Now there may be conflicting stories coming out of other places, but this is the Iraqi government version, which has not been disclosed to the Iraqi people. Only CNN has been told this information, and I'm sharing it with you and with the world for the very first time.

I should also point out, this official had some very interesting things to say about the status of U.S./Iraqi relations and the possibility of arm inspections here in Iraq. This official said to me, it would be foolish for Iraq to allow the U.N. armed inspections to resume, suggesting that there's just no way they're going to happen, that the U.N. arms inspections are over.

He made it clear the only way there would be any inspections in Iraq would be if a U.S. congressional delegation came for a short time, for just a few weeks, to inspect suspected weapons sites here. Otherwise, there will be no cooperation from the Iraqi authorities here.

And this official had very harsh words for the Bush administration, this Iraqi official calling President Bush "an idiot." Quote: "He's in the hands of the Zionists." And this official closed by saying, "We would appreciate it if the United States would invade Iraq on the ground, because then we could have a fair fight" -- Paula.

ZAHN: So, Eason, I mean, any time we hear this stuff, we have to be pretty cynical. I mean, how much of this do you think is posturing on this Iraqi official's part, particularly when it comes to the whole issue of inspections?

JORDAN: Well, certainly there's a lot of posturing back and forth in this spat between the United States and Iraq. This is especially harsh language that we're hearing from the Iraqi leadership, and it's clear to me that there is a bit of a debate within the Iraqi government about how far the Iraqis should go in allowing the possibility of armed inspections to resume, but this official, who's very, very high up in the government, made it clear that the U.N. arms inspectors are not coming back, that it would be foolish for the Iraqi government to allow them back, because the armed inspection teams of the United Nations, according to this Iraqi official, contain spies from the United States who would only use that information to help topple the regime here and any administration regime change operation coming from Washington.

ZAHN: So, Eason, were you left with the impression then, based on what this Iraqi official told you, that Iraq would like to provoke an attack by the United States?

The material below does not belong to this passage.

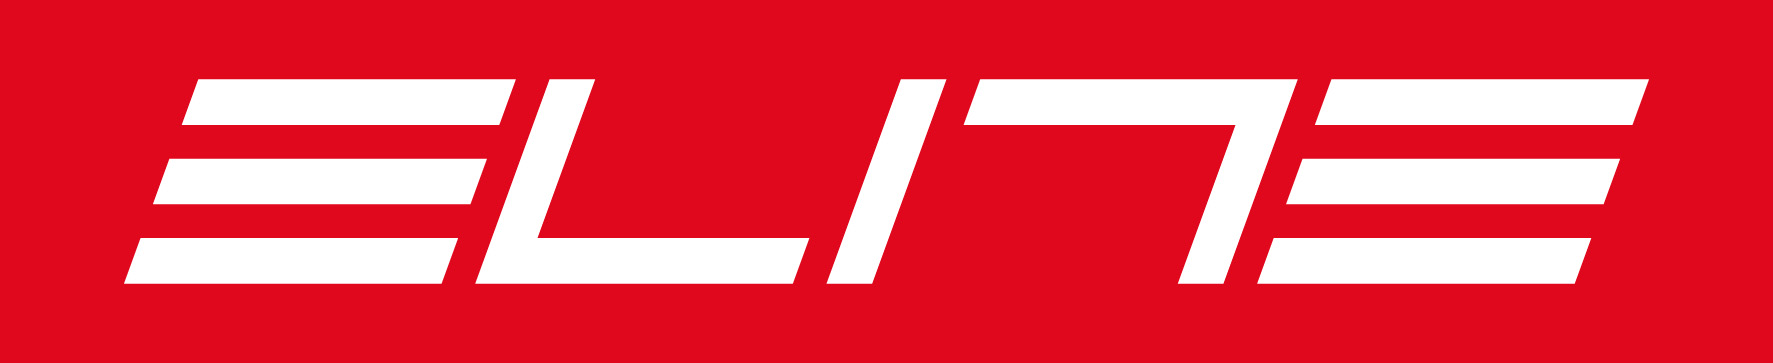 propel Logo photo - 1
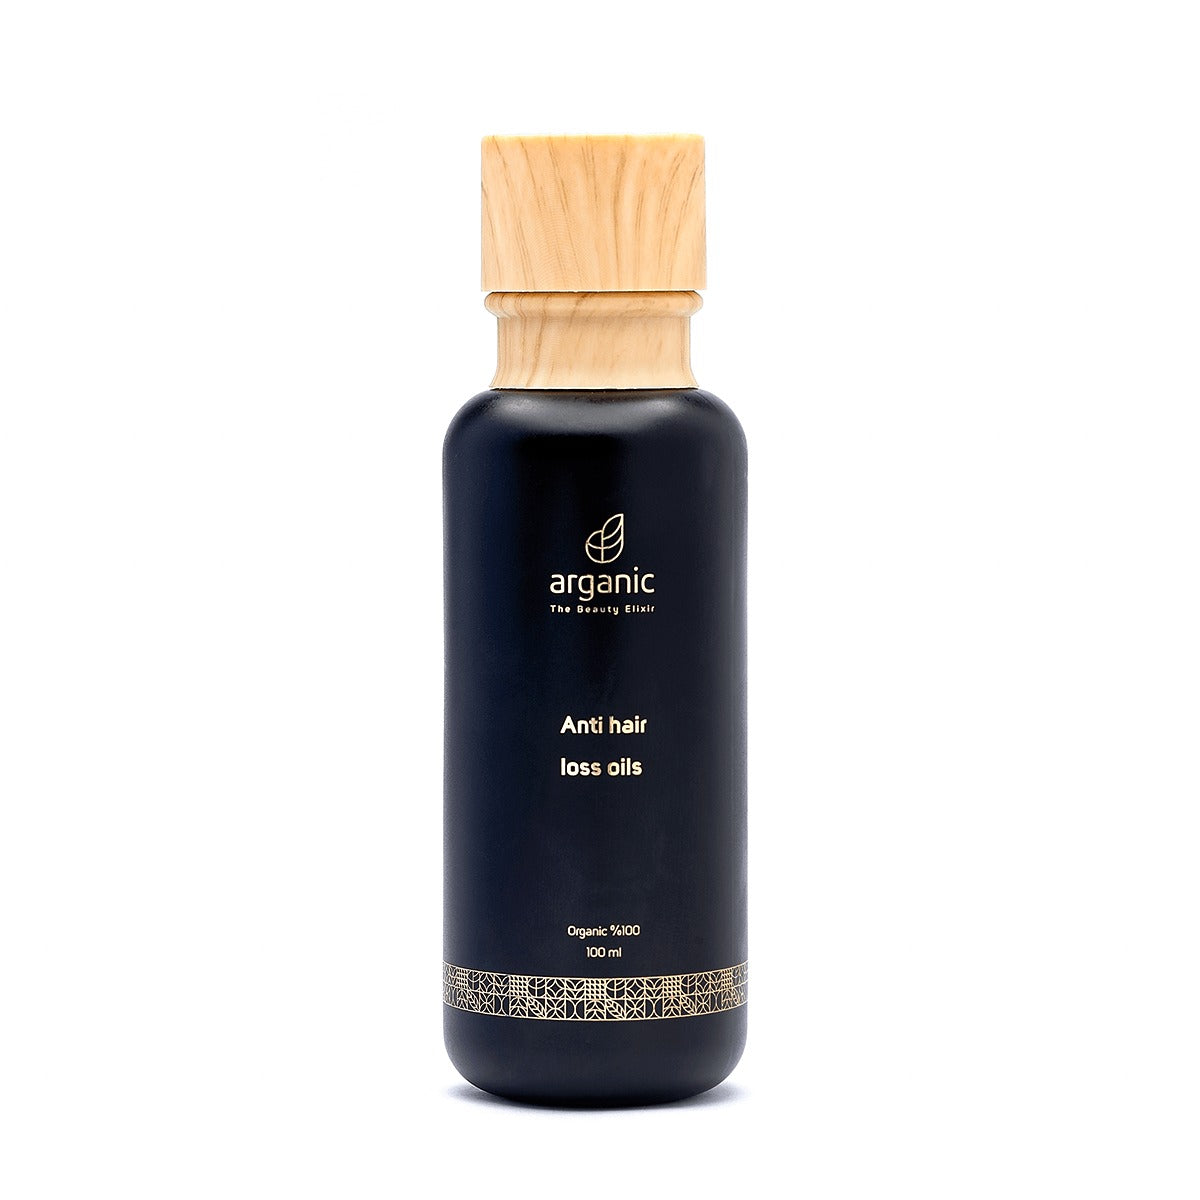 Dark blue Arganic anti hair loss oil bottle with wooden cap

JORDAN: Well, Iraqi officials, and I've met with many government ministers here in recent days, they all say they wish a conflict could be avoided, but they really believe, universally, believe a conflict is inevitable, and they say the only way the U.S. government can succeed in changing the regime here is to come in on the ground and have a real fight on the ground, and this Iraqi official did not want to be identified by name, said that the Iraqi military would relish this opportunity, because the Iraqi military wants to fight on its own turf, not in the air, but on the ground.

ZAHN: I just think it's striking how much has changed in the last couple of weeks. Wasn't it the Iraqis after all who were suggesting that a U.N. group should come over to talk about the prospects of talks, and now, as this Iraqi official told you today, that simply is not going to happen, no discussion, no inspections.

JORDAN: Well, I think a lot of independent observers see this discussion between Iraq and the United Nations as essentially a delaying tactic. Iraq would like to put off an invasion, should that indeed come to pass. There's a lot of talk, very little action about letting arms inspectors in here.

And this official today, who is very, very senior, made absolutely clear the U.N. inspections are over. The only way there can be inspections going forward is if there's a very, very short inspection carried out in a few weeks, if a U.S. Congressional delegation comes here with inspectors of its own, and does its investigating, and then goes off on its way, and then the sanctions are ended. That's the only way, according to this Iraqi official, any kind of inspection will go forward.

ZAHN: You've reported a lot this morning that we need to get reaction to, particularly from Congressional leaders about this idea and whether that's at all viable.

Eason Jordan, thank you for everything you've just shared with us from Baghdad.